### WHAT IS NEEDED
Would you restate the full listing word for word and omit its pictures?

### SUPPLIED MATERIAL
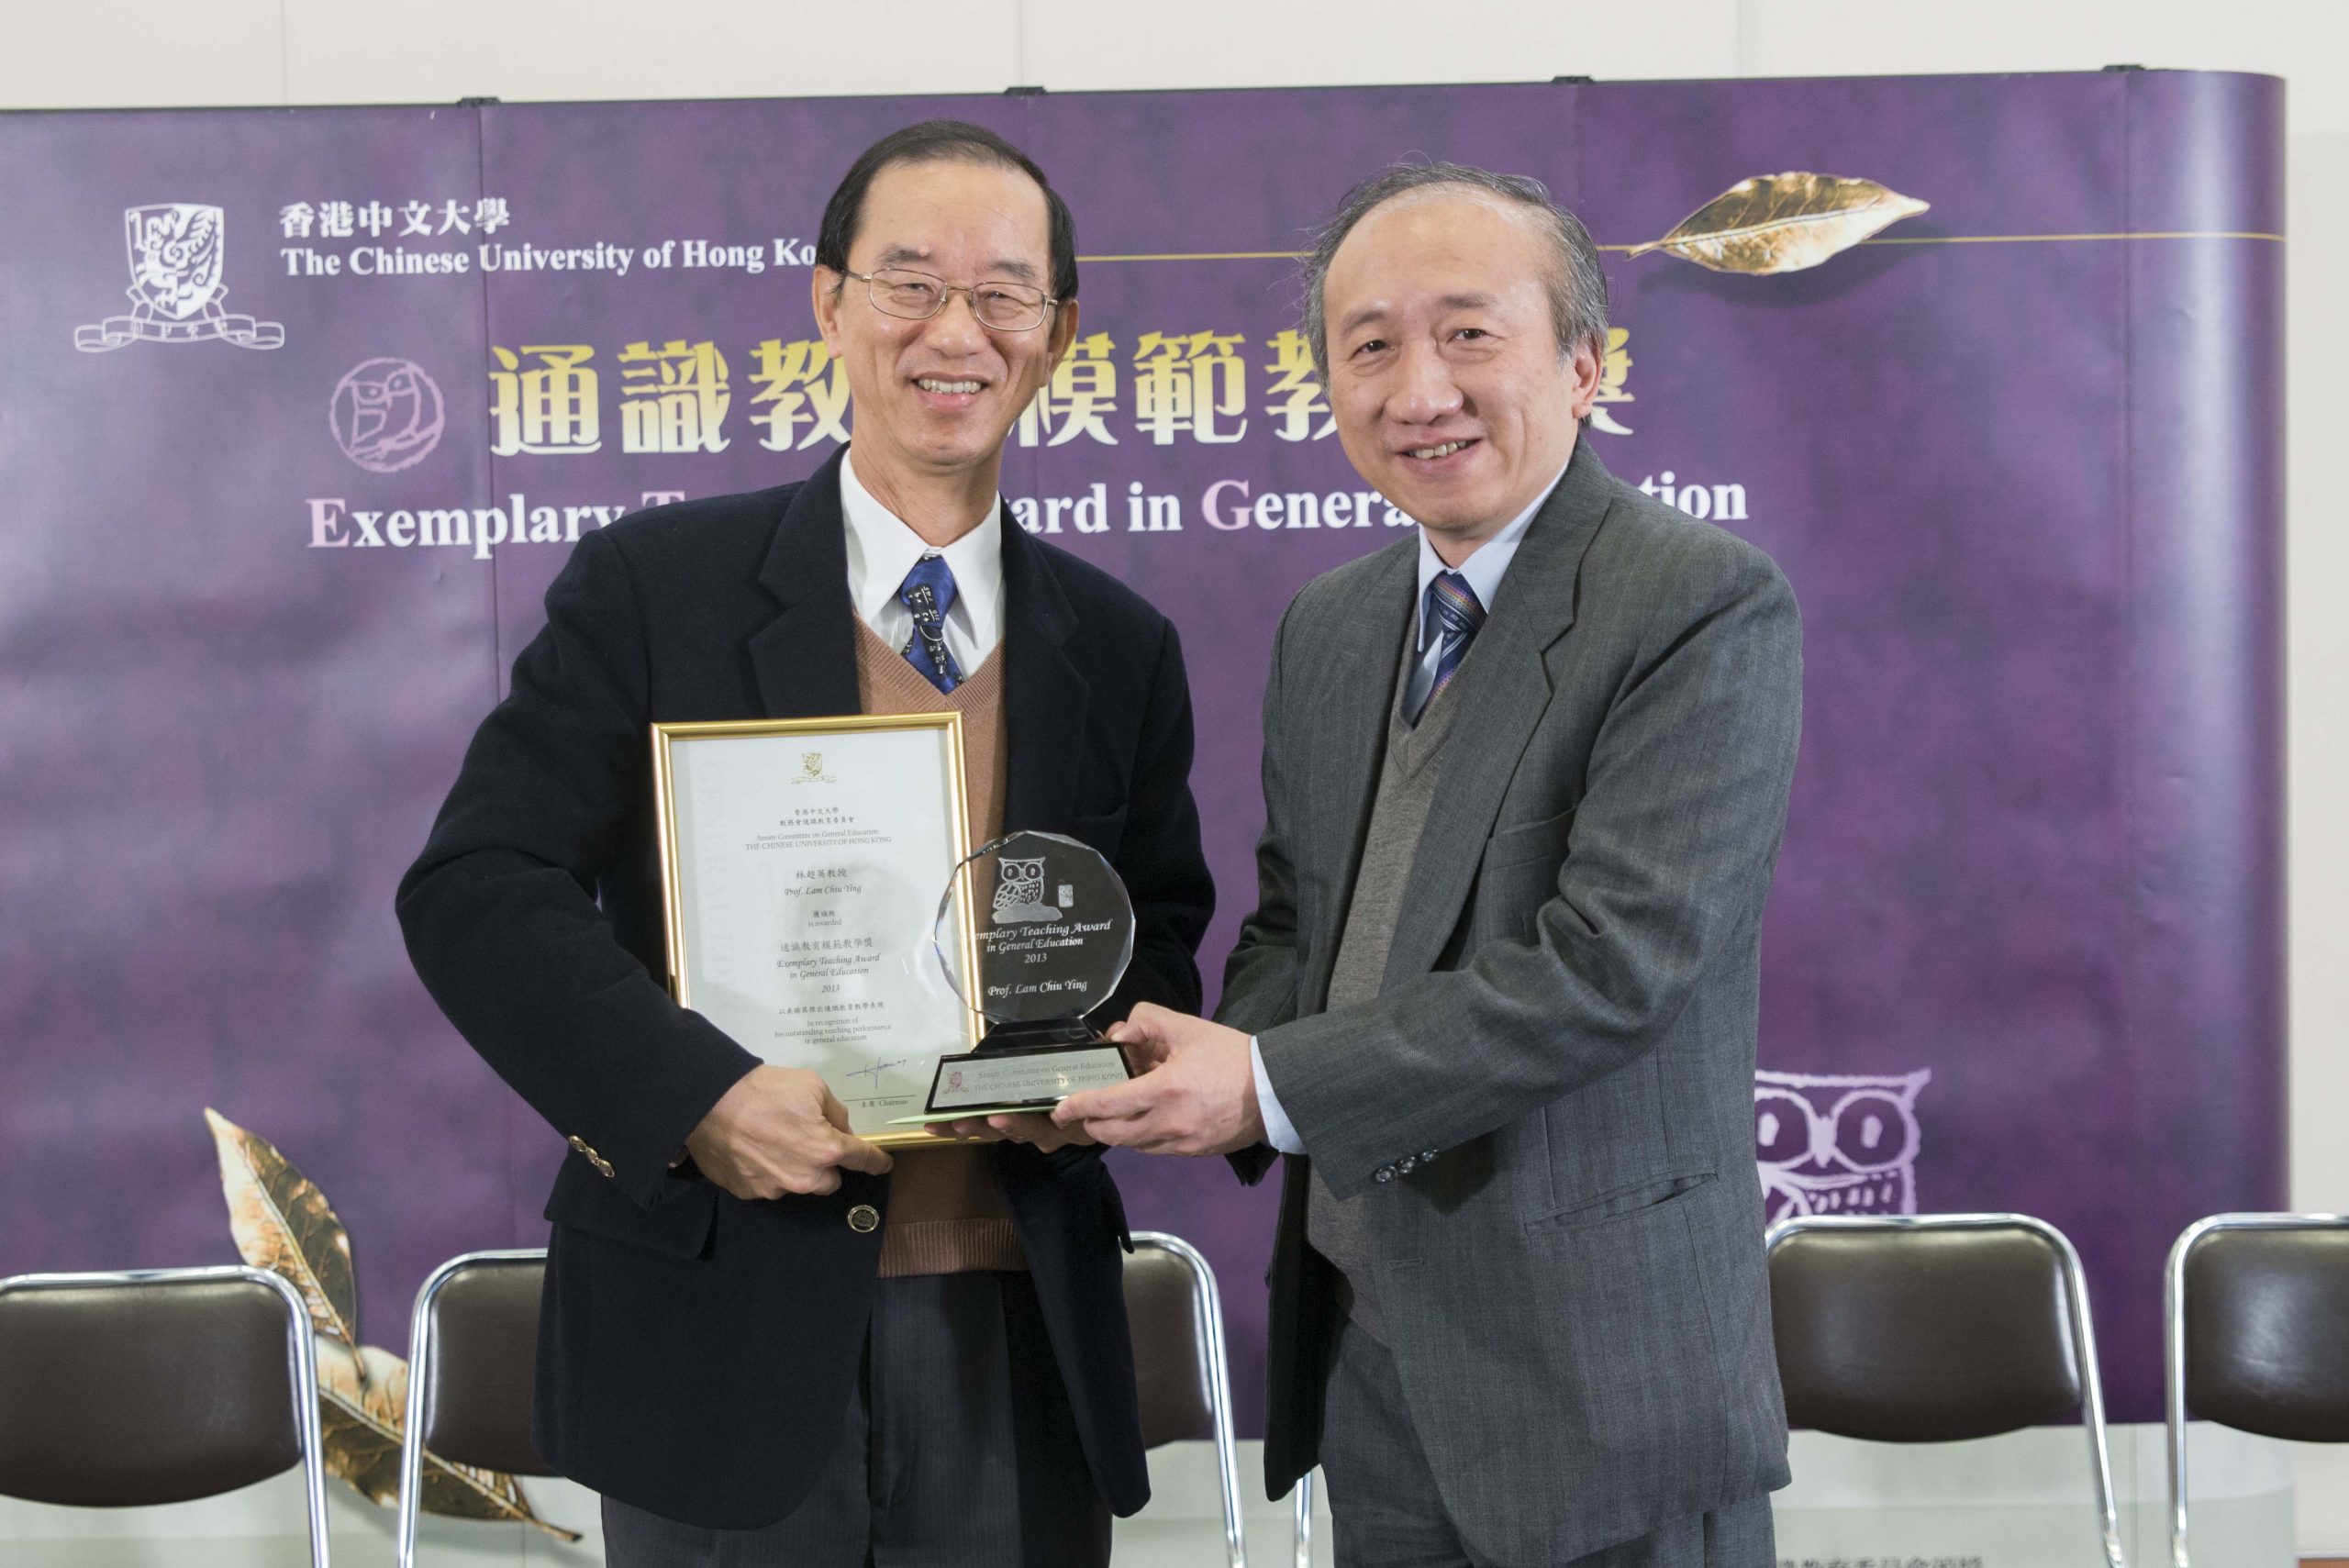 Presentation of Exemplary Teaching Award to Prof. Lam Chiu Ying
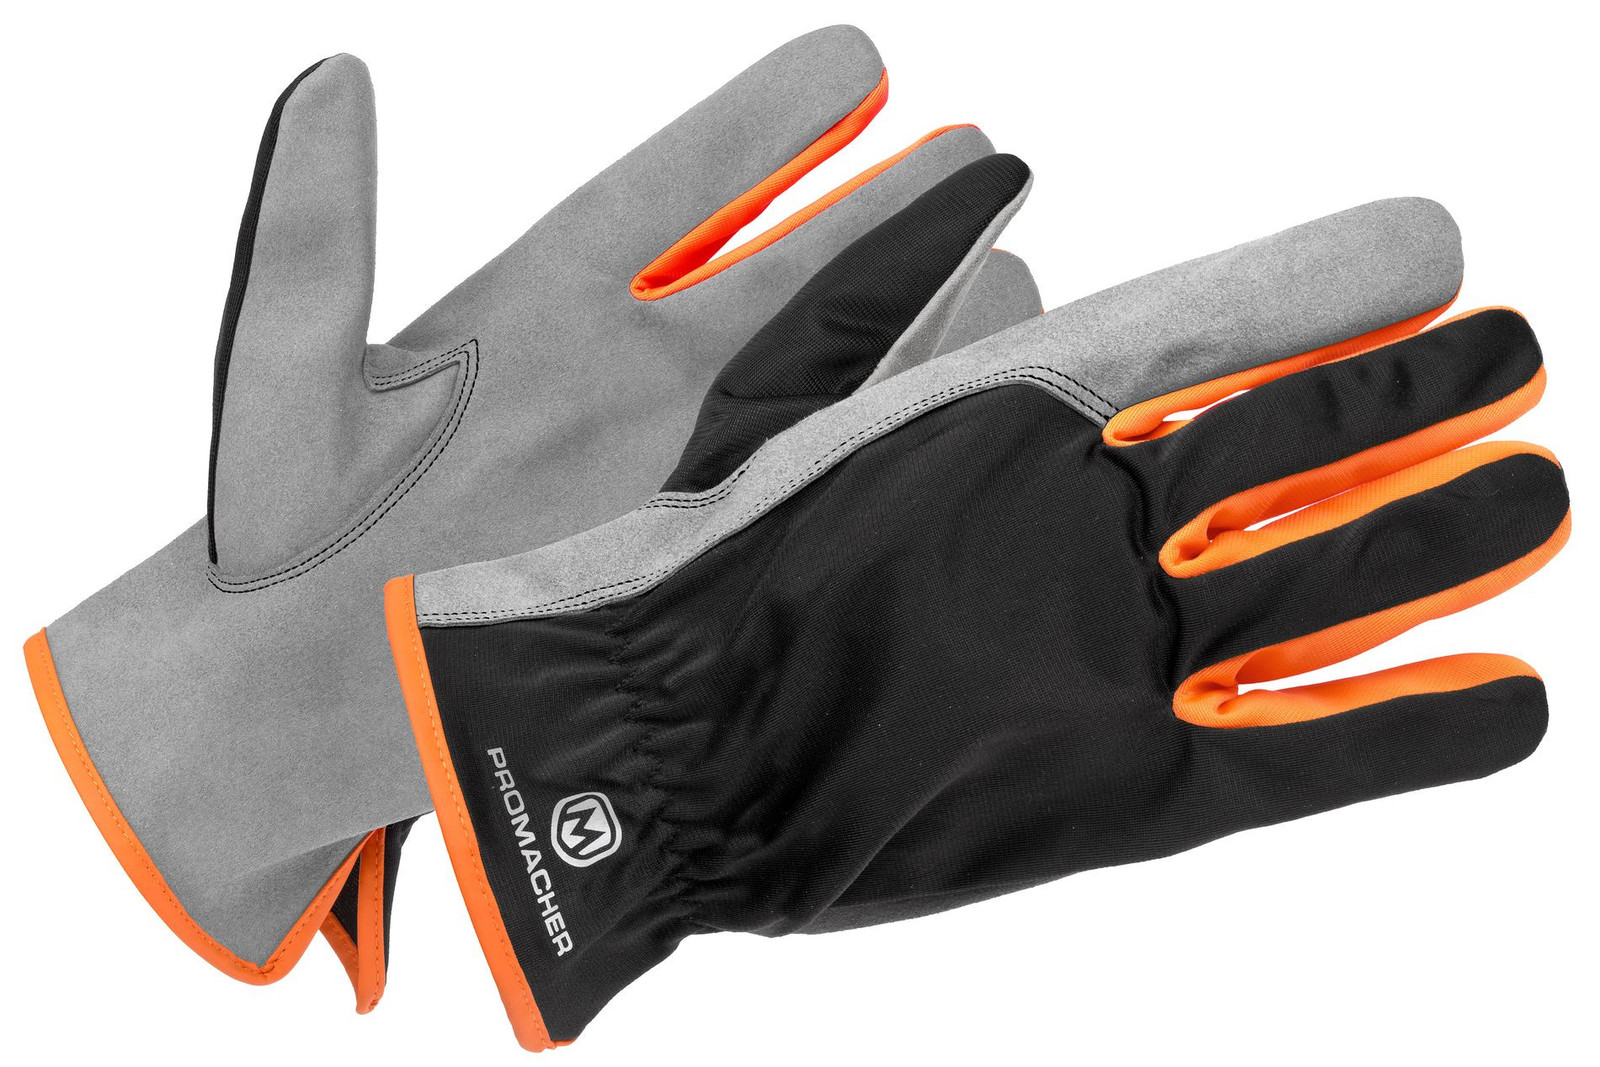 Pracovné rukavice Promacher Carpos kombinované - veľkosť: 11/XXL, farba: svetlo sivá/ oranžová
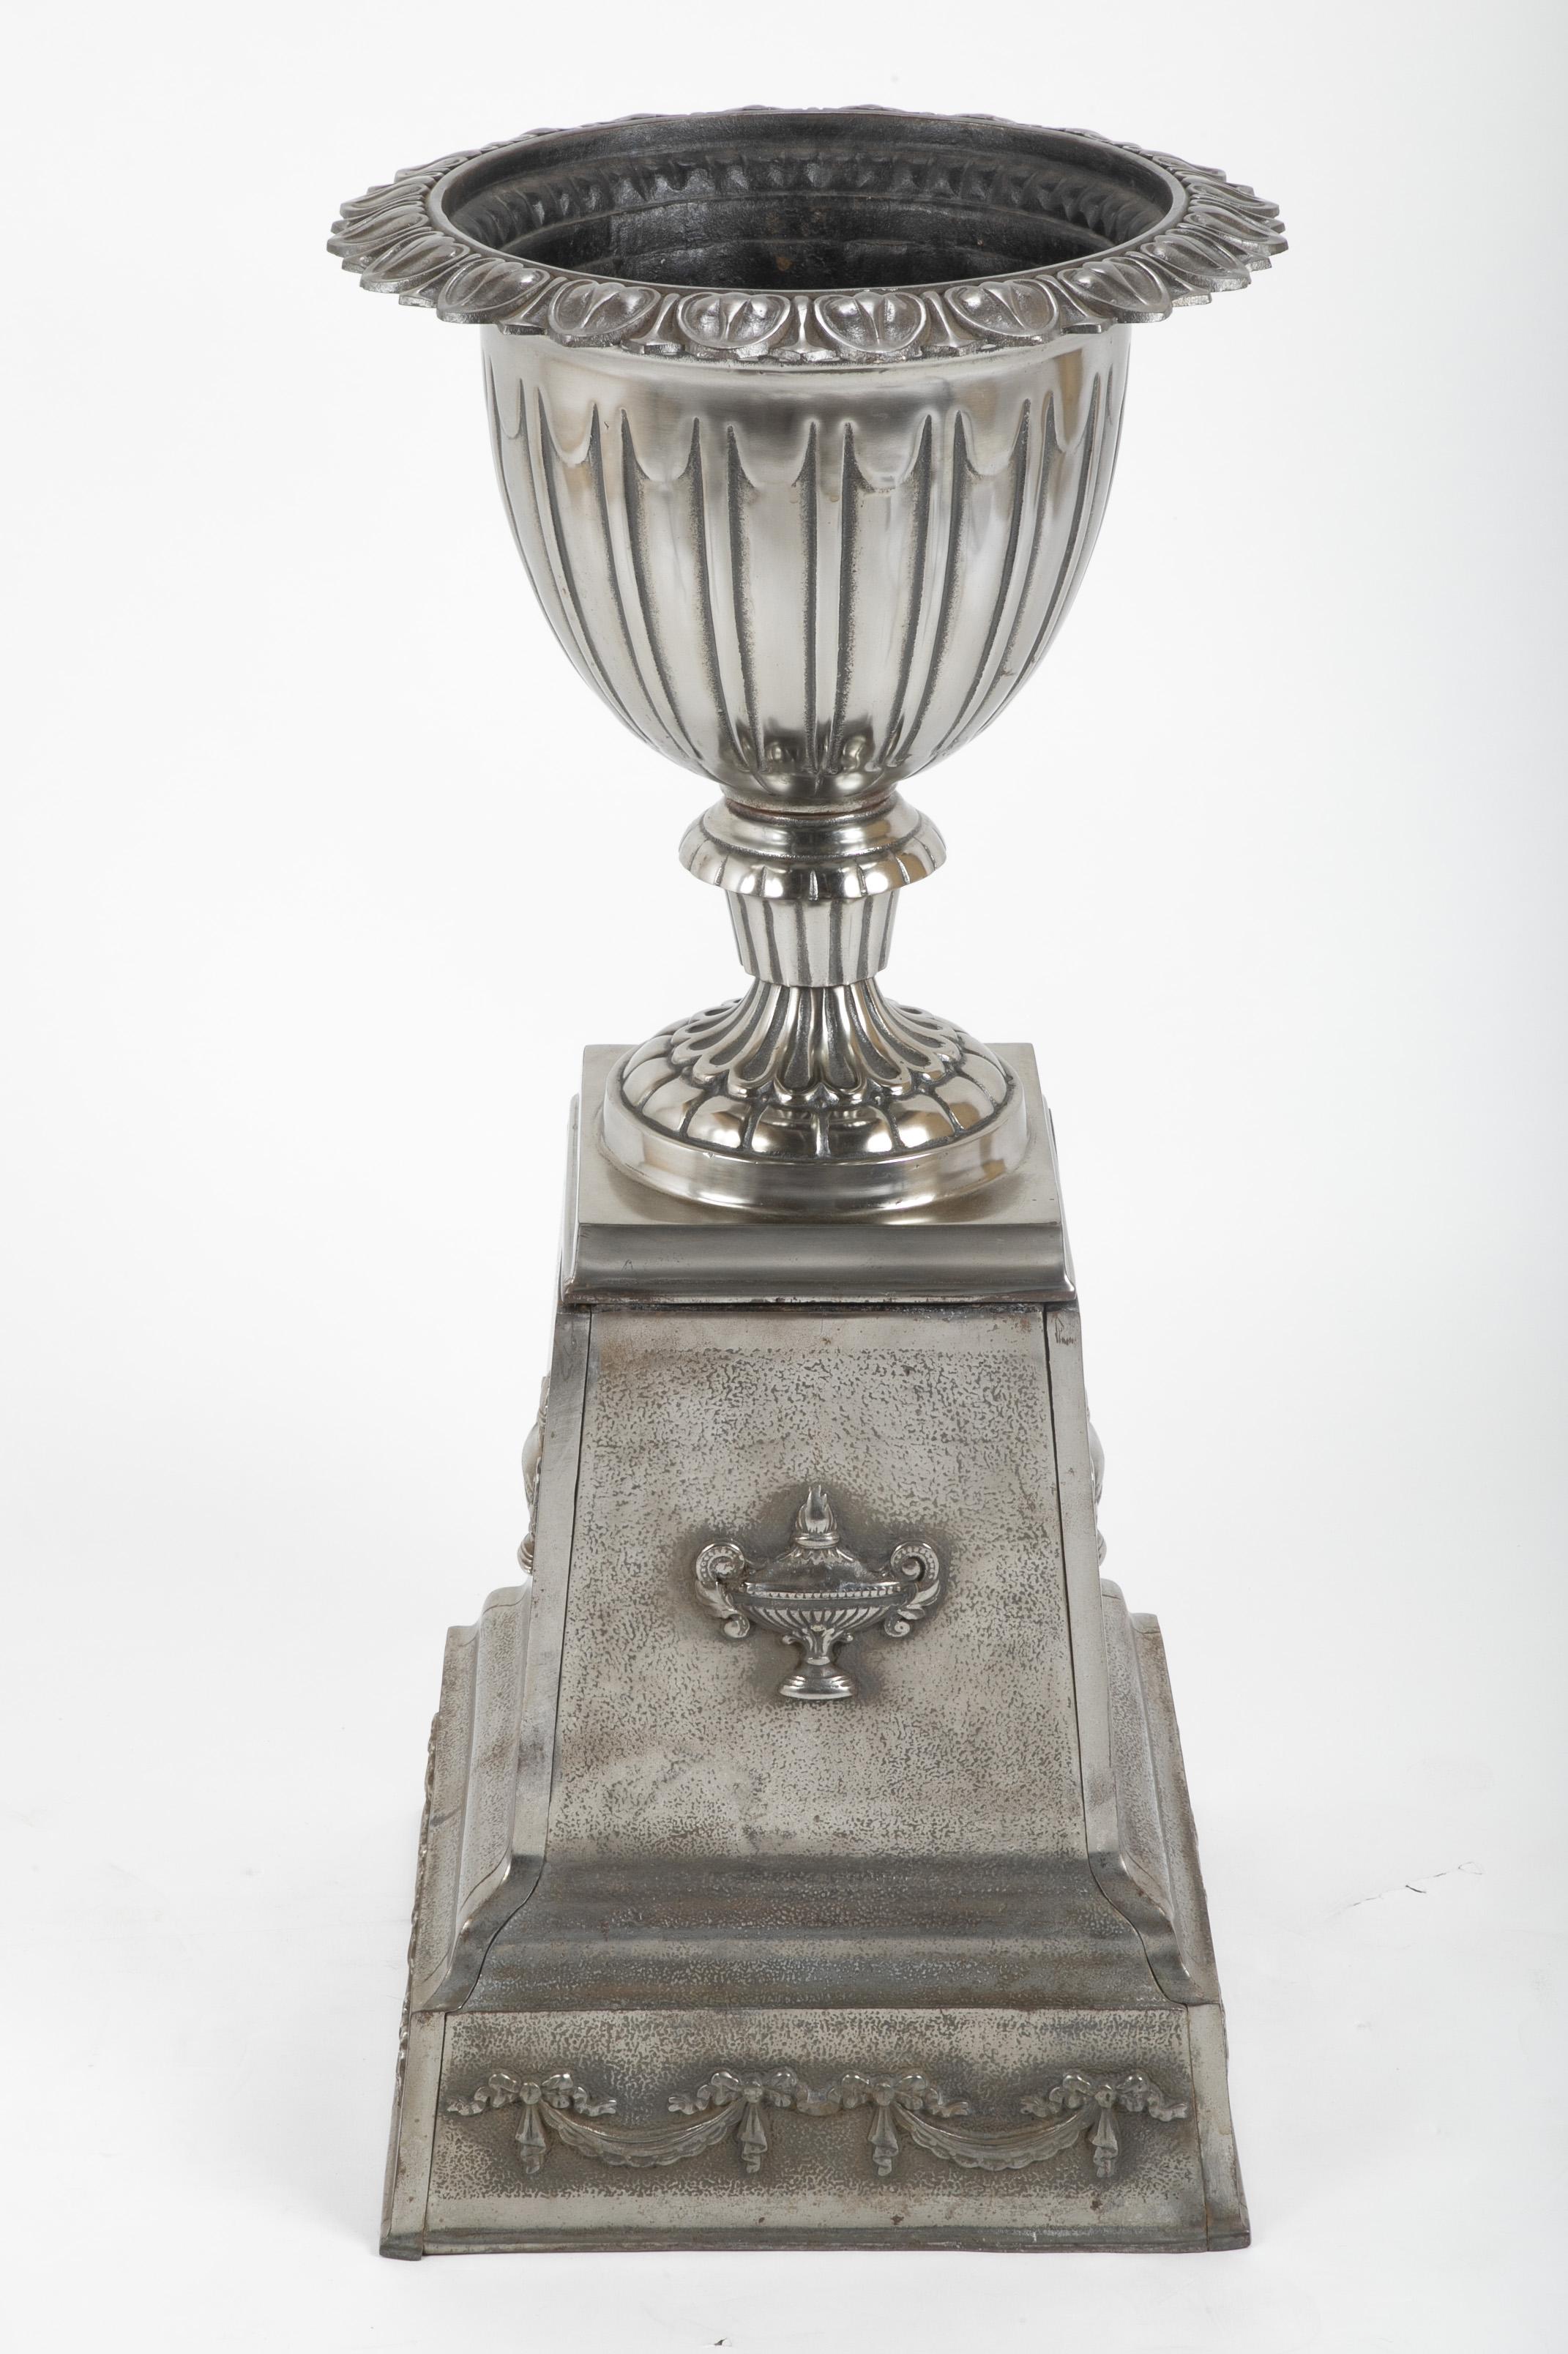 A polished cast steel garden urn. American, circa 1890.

### RESULT OF THIS TASK
 Presentation of Exemplary Teaching Award to Prof. Lam Chiu Ying
 Pracovné rukavice Promacher Carpos kombinované - veľkosť: 11/XXL, farba: svetlo sivá/ oranžová
 A polished cast steel garden urn. American, circa 1890.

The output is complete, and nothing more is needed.